**What is needed**
What you return should be the lines of the data containing "Gold", each in full.
==== Data excerpts ====
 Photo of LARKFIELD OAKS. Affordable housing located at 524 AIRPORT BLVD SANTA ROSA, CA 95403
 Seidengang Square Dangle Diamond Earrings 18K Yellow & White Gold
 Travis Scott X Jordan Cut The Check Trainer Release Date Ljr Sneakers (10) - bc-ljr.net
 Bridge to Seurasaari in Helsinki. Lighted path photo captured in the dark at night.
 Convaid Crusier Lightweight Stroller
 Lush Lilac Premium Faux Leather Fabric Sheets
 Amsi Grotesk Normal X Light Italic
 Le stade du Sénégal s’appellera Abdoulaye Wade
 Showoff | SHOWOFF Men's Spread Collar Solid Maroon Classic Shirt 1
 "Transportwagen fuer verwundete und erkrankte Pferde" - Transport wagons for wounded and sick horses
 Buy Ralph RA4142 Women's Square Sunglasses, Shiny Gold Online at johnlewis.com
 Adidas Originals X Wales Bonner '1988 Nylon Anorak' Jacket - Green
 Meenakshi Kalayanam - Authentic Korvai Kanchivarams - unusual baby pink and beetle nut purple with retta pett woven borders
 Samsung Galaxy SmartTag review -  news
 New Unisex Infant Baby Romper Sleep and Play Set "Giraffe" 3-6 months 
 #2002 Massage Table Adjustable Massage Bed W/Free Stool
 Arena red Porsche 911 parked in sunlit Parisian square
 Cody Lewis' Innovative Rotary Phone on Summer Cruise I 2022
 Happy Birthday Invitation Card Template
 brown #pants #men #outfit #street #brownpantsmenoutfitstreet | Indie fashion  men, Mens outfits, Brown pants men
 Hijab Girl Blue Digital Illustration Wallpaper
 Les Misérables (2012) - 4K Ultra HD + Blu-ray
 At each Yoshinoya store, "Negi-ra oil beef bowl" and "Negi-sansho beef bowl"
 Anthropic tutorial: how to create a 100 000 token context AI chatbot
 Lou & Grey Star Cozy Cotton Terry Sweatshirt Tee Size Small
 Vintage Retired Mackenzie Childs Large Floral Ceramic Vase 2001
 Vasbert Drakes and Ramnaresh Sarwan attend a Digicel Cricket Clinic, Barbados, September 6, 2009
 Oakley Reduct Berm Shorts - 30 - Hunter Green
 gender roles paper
====
**Answer for this exercise**
 Seidengang Square Dangle Diamond Earrings 18K Yellow & White Gold
 Buy Ralph RA4142 Women's Square Sunglasses, Shiny Gold Online at johnlewis.com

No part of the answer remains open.